August 11, 2016 · 0 Comments
Toronto is a mere hour’s drive (give or take the traffic) from here and, as such, we may be granted that luxury to visit few places within its boundaries but visit them well. In this feature, we suggest a tour of the Royal Ontario Museum (ROM), the largest museum in Canada and one of the largest in North America, a jewel in the cultural crown of Toronto.
At this time of year, of course, there can be lots of children rushing from dinosaur to dinosaur – why do we love them, we wondered but we do. Are they fascinating because they were so big, lived so long ago and yet, there is so much known about them? At any rate, there is a fine collection of assembled bones at the ROM with solid explanations for what is on view. In fact, the first body, as it were, that one sees on entering the museum is the tremendous sauropod skeleton extending for several metres immediately inside the entrance to the building.
There are always special exhibits at the ROM, frequently artistic, anthropological, specific scientific discovery displays, interesting, amazing and, naturally, wholly instructive. At the moment, down stairs from the main hall, is the Chihuly glass exhibit. This astonishing artist, a glass blower, takes the visitor from wonder to wonder with his command of light within and around his elegant, sometimes strange, constantly captivating glass figures and shapes.
“I want to show light in a completely different way,” he says in his comments on the display and, to be sure, he does just that.
Nearby, is an exhibit of the art of tattooing as it is done in many cultures around the world where tattooing is taken to a level of obsession and high art. The caveat issued is that there is some nudity involved in showing the full scope of some of the tattooing.
Back to the entrance from which “The Crystal” named after philanthropist Michael Lee-Chin houses the dino exhibit, one of the largest in the world, boasting a large number of fossils and standing, flying, roaring, animated dinosaurs to satisfy the imaginations of all family members. There is an amusing digital aspect (naturally) for an interaction with one of them, take a photo and send it to the ROM for their collection.
Returning to the main building with its fine wood and architecture, we are awash in ancient history, truly fabulous collections of artifacts of all the ancient world from China, across Asia and Africa; Europe and Canada. All our ancestors are considered in the flow of the galleries throughout this magnificent building. It takes time and a bit of perseverance to appreciate it all fully.
For us, the Egyptian gallery calls. Several mummies, complete, sleep now in glass cases, their trappings still by their sides.
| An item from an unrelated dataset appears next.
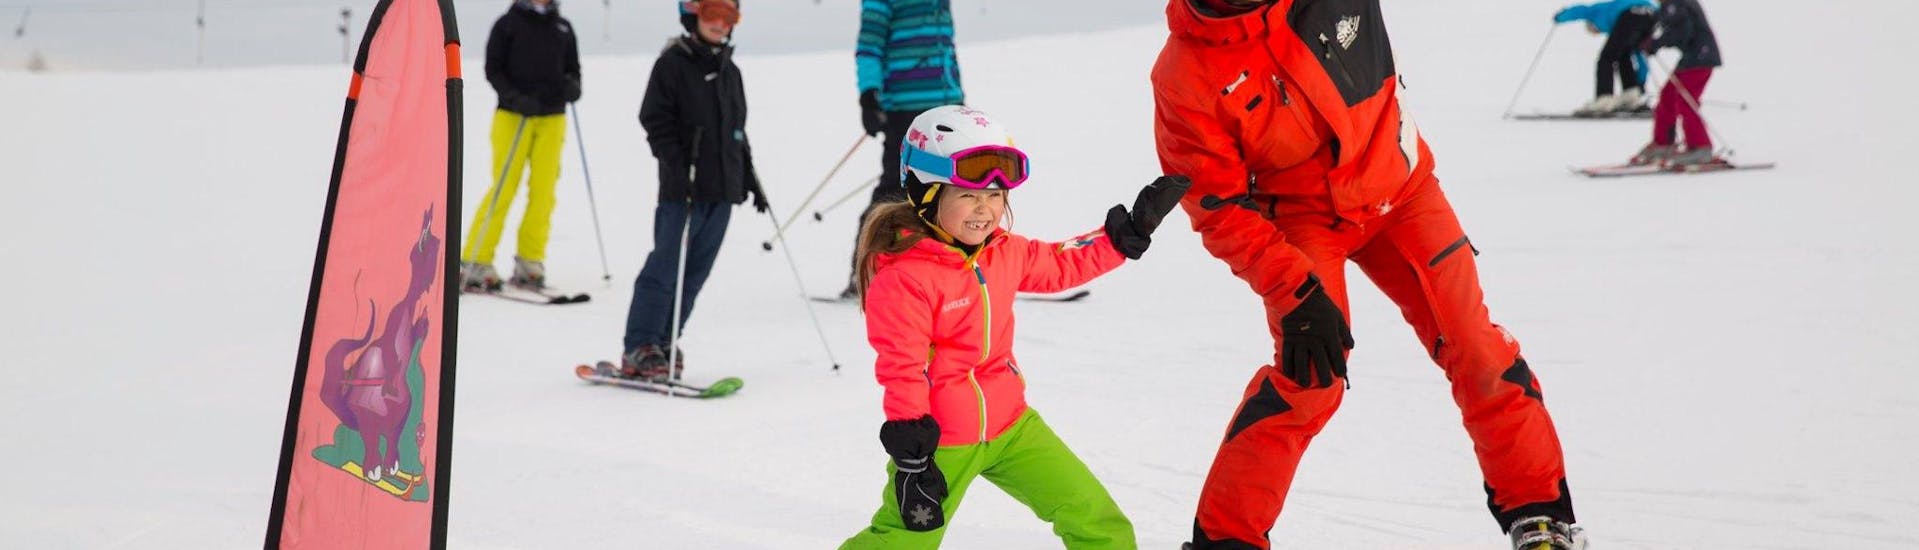 Kinder-Skikurs (ab 5 J.) für Anfänger mit Skischule Zahmer Kaiser.

The tools and luxuries of the ancient tribes of Egypt give a reasonably clear idea of their lives: the very small number of fabulously wealthy people – kings and otherwise – stood on the shoulders of workers and slaves who spent their lives employed in the building of temples, palaces and tombs and supporting the wealthy. There was a small number of merchants and travellers in the middle bringing goods and news from other parts of the world.
A tight circle that has spun its way across all the cultures and all the ages of this earth. Basically, without variation to this day.
We could eat at the ROM and shop: there are cafes and shops, but we have a date in Chinatown and head for there, feet tired, hungry but highly satisfied with our trip to the ROM, ready to recommend it to all.
Chinatown and Kensington Market is often referred to by foreign visitors as the soul of Toronto. The old market of Kensington has been a destination for generations and some shops go back 50 years and more. What a joy it is: a real market place where food and goods can be bought for reasonable prices – produce, meat, cheese. Clothing of many styles; vintage, art, Islands – it is simply great.
For an inexpensive lunch, we go to King’s Noodle on Spadina Avenue, where the noodle soup is almost always more than you can eat and the place is full of people of Asian descent, a reassurance that the food is high quality and authentic in its flavour.
For baskets and plates of dim sum, go across the street at St. Andrews and Spadina to the all day dim sum restaurant, also very reasonable and the “real thing.”
Take your time to browse the marvels of the shops around Kensington Market, enjoy the food – there is more than Chinese restaurants, if you prefer: Portuguese, vegan, creperies, hamburger, have a wander – look around.
By now, you have been in town for hours. You have missed the crowds of the tourist places, for the ROM is much more than that; you have eaten well and, perhaps, bought yourself something you like which is not available in a box store.
You didn’t even have to book a flight for the adventure.